If our goal is to look at things like deep breathing, then by all means LF is a good candidate, but this is a different application (make sure in this case to use at least 2 minutes of data, as otherwise LF cannot be computed correctly).
The way I use the data is normally the following:
rMSSD: more subtle changes in stress, in my case as I am not an athlete, these are often tightly coupled to work stress (example here). I consider HRV useful for day-to-day adjustments and continuous feedback, not much as “fitness marker” or something to optimize in the long term (if you are healthy and have a healthy lifestyle, your baseline is unlikely to change much, and is tightly coupled with genetic factors).
resting heart rate: informative for large stressors (e.g. getting sick), as well as seasonal changes and changes in fitness over periods of many weeks / months. Both rMSSD and resting heart rate can also capture well changes in resting physiology due to the menstrual cycle, which might be relevant for you or your athletes (example here).
add training load and subjective feeling for context, and you tend to have a decent overview of what is going on and when it is a good idea to slow down a little to prevent larger setbacks. Needless to say, HRV complements other data points such as external load and subjective feeling. The goal is not to replace them or ignore all other markers, but simply to get closer to the full picture, so that we can aid decision-making and improve health and performance.

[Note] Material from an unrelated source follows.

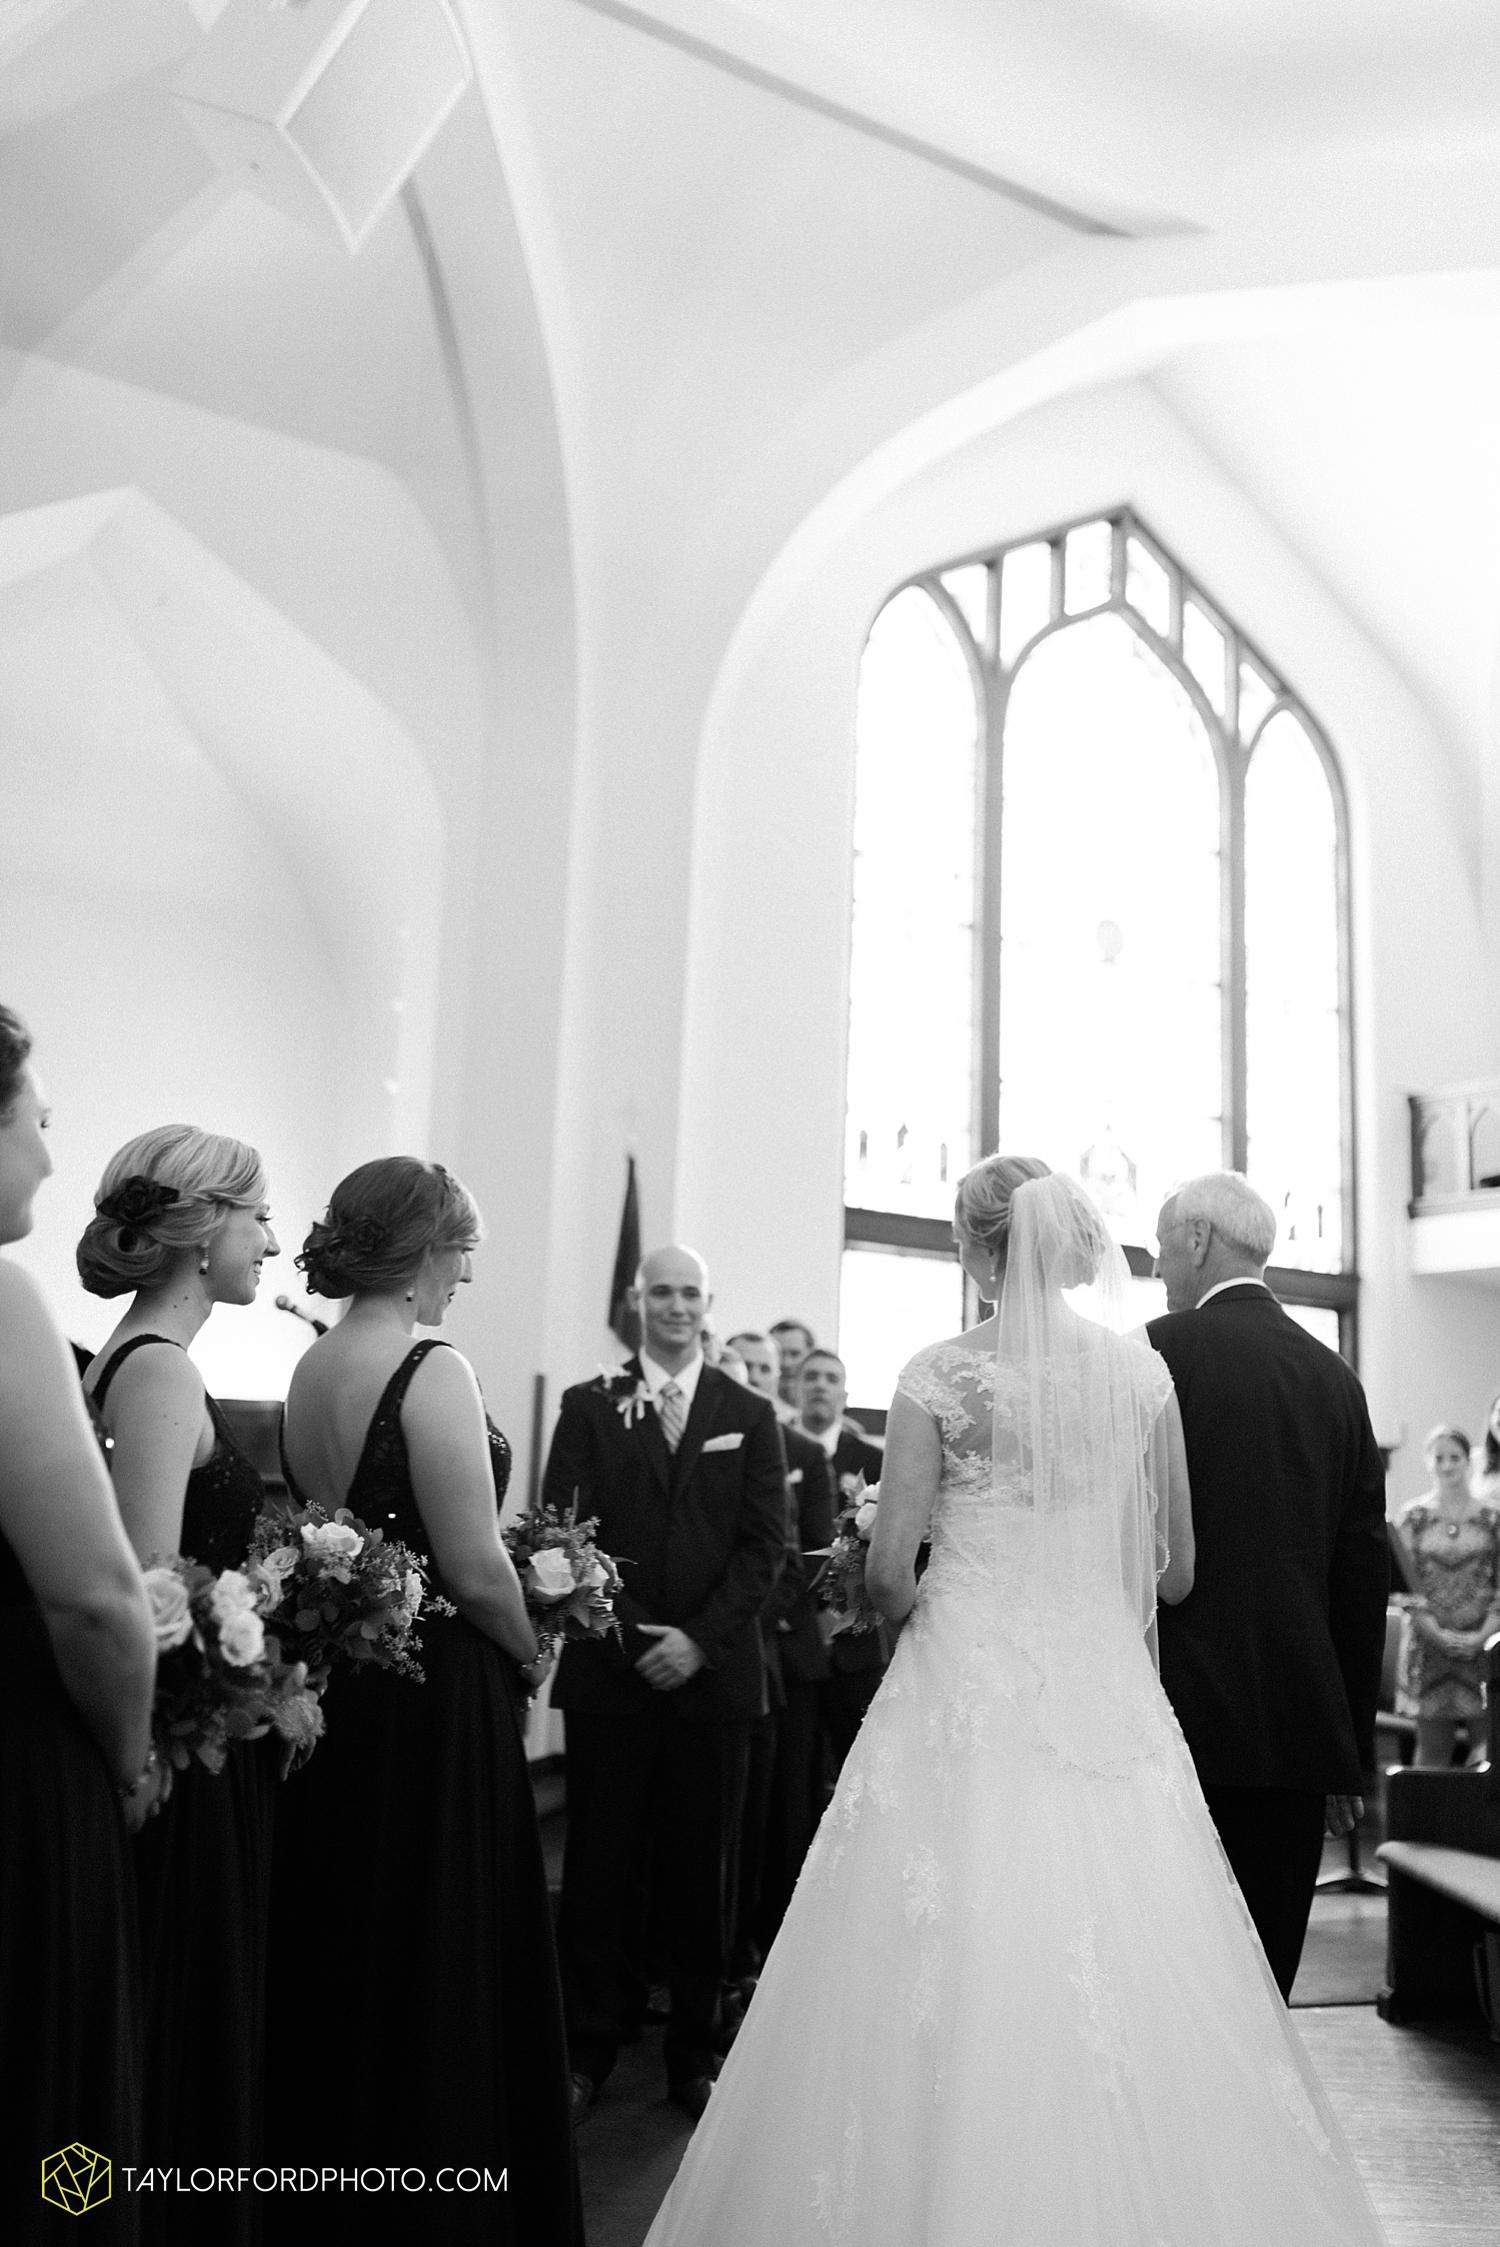 van_wert_ohio_fort_wayne_indiana__photographer_taylor_ford_nashville_tennessee_family_wedding_senior_cerutis_catering_2475.jpg
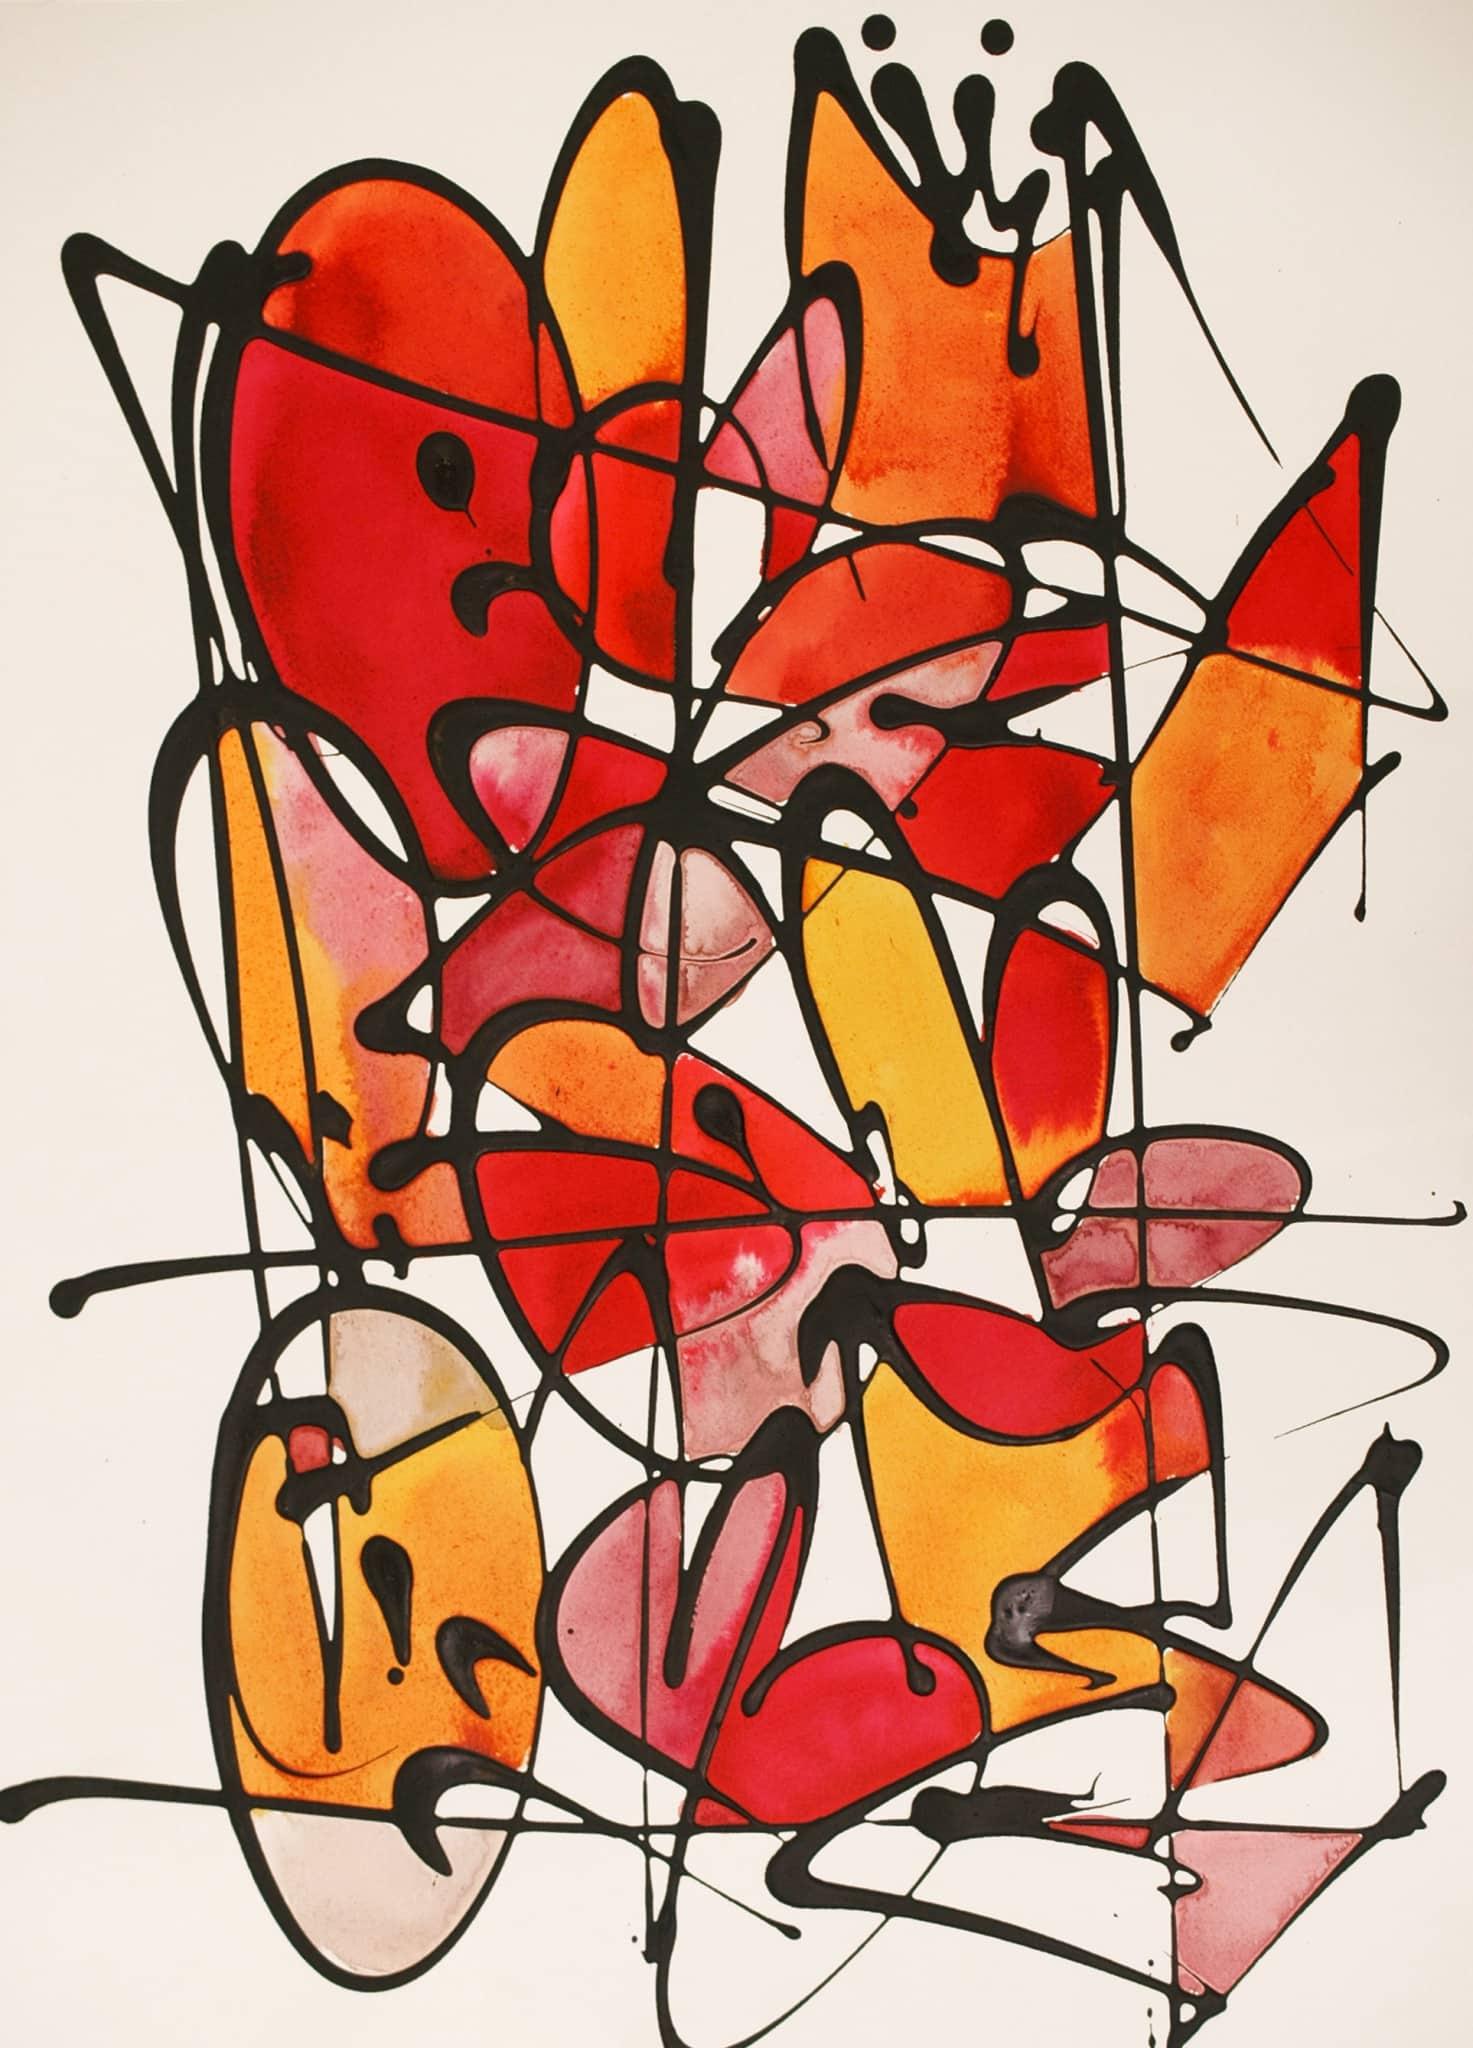 Galerie Art Jingle NEBAY (Réf. NB02) 65x50 cm 2021

I hope this was informative, and thank you for reading!
Marco holds a PhD cum laude in applied machine learning, a M.Sc. cum laude in computer science engineering, and a M.Sc. cum laude in human movement sciences and high-performance coaching.
He has published more than 50 papers and patents at the intersection between physiology, health, technology, and human performance.
He is co-founder of HRV4Training, advisor at Oura, guest lecturer at VU Amsterdam, and editor for IEEE Pervasive Computing Magazine. He loves running.
Twitter: @altini_marco
Thanks a lot for your article! I really learnt a lot. I have one question: When I take the LN of 250, this is 5.5 and not 10. Where are my thoughts going in the wrong direction here? Thanks a lot for your answer!
Awesome Marco! This article answered a lot of questions we had on the subject.